_ACTIVITY_
When you reproduce the data, keep every word exactly as it stands and leave the pictures out.
MATERIAL SHOWN section start
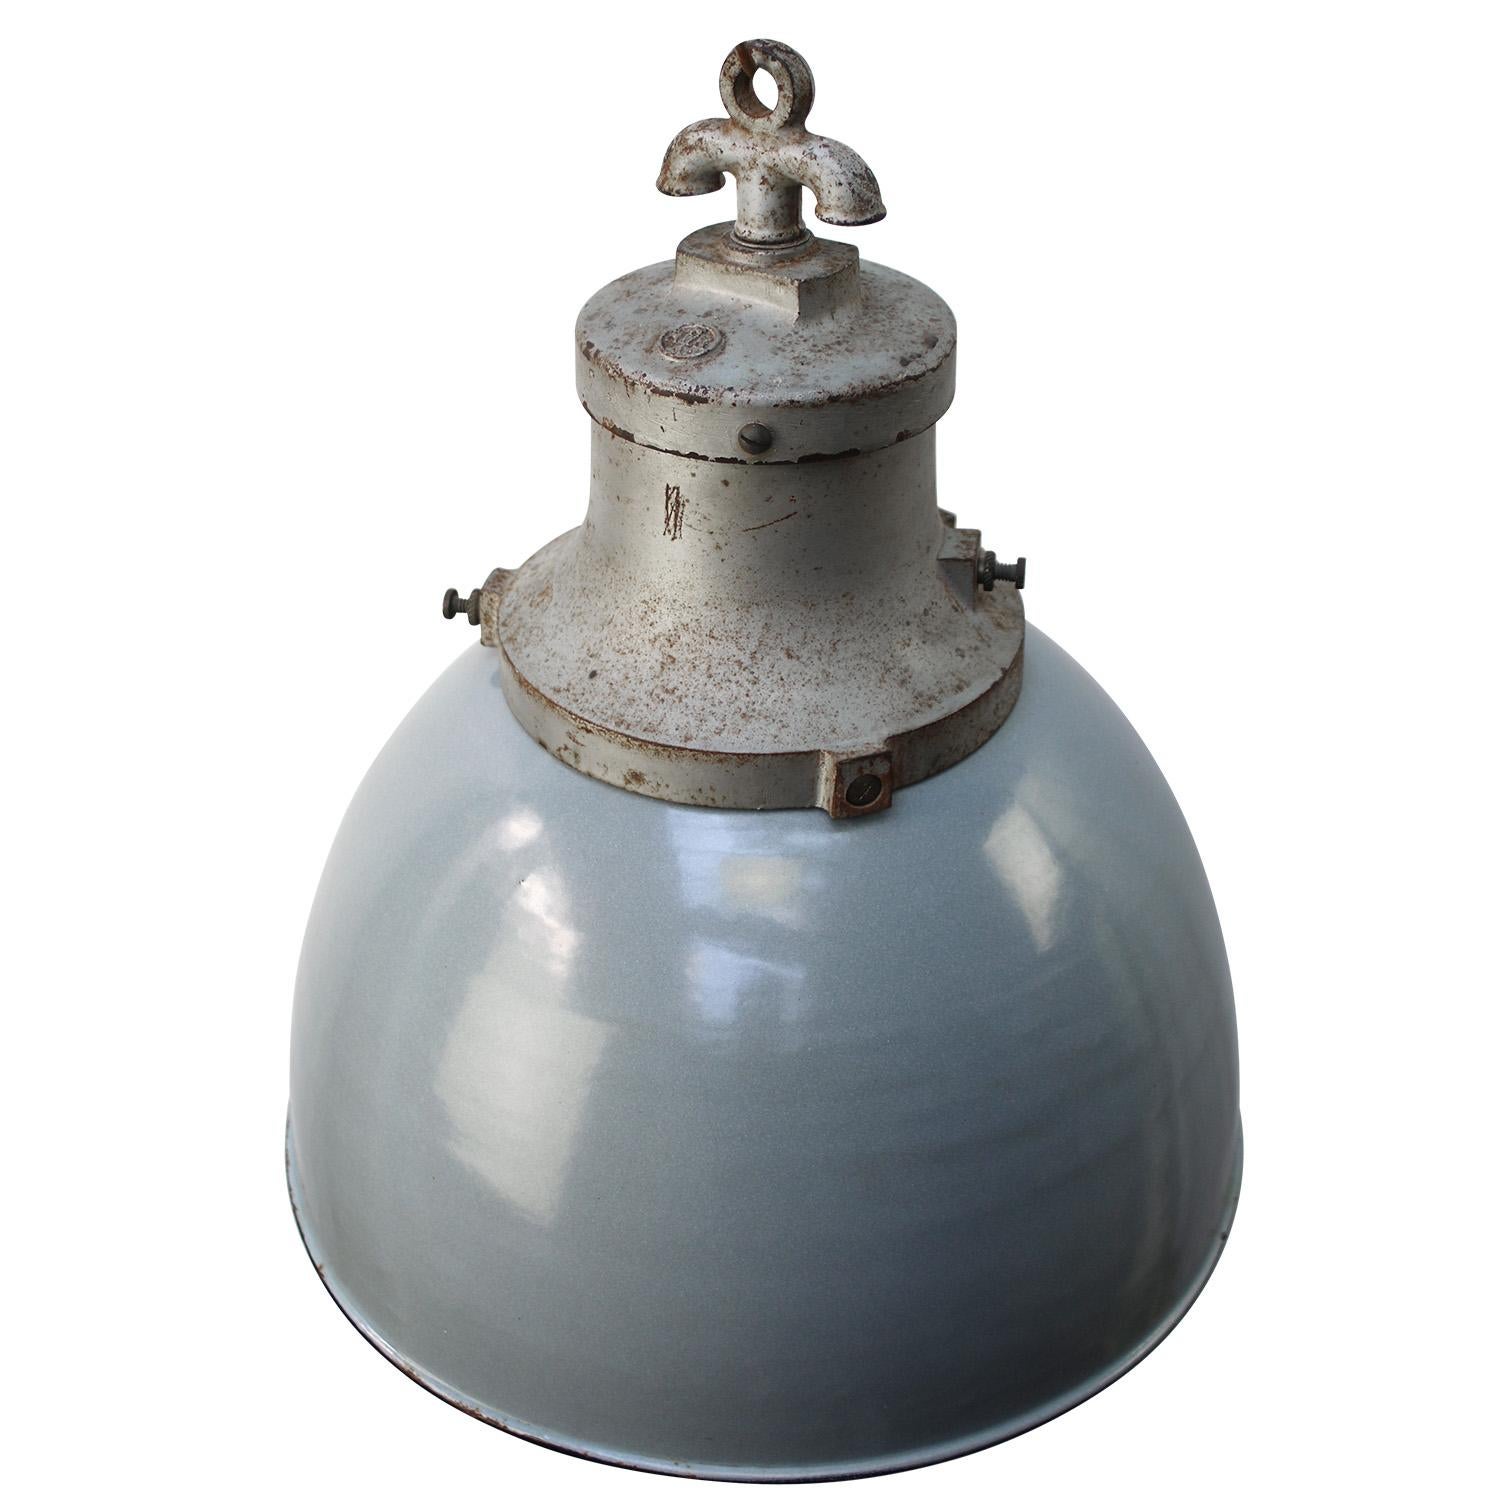 Rare et ancienne lampe d'usine de HWK
Émail gris avec dessus en fonte grise
Intérieur blanc

Poids : 5,40 kg / 11,9 lb

Le prix est fixé par article individuel. Toutes les lampes ont été rendues conformes aux normes internationales pour les ampoules
MATERIAL SHOWN section end
_RESULT OF THE TASK_
 Rare et ancienne lampe d'usine de HWK
Émail gris avec dessus en fonte grise
Intérieur blanc

Poids : 5,40 kg / 11,9 lb

Le prix est fixé par article individuel. Toutes les lampes ont été rendues conformes aux normes internationales pour les ampoules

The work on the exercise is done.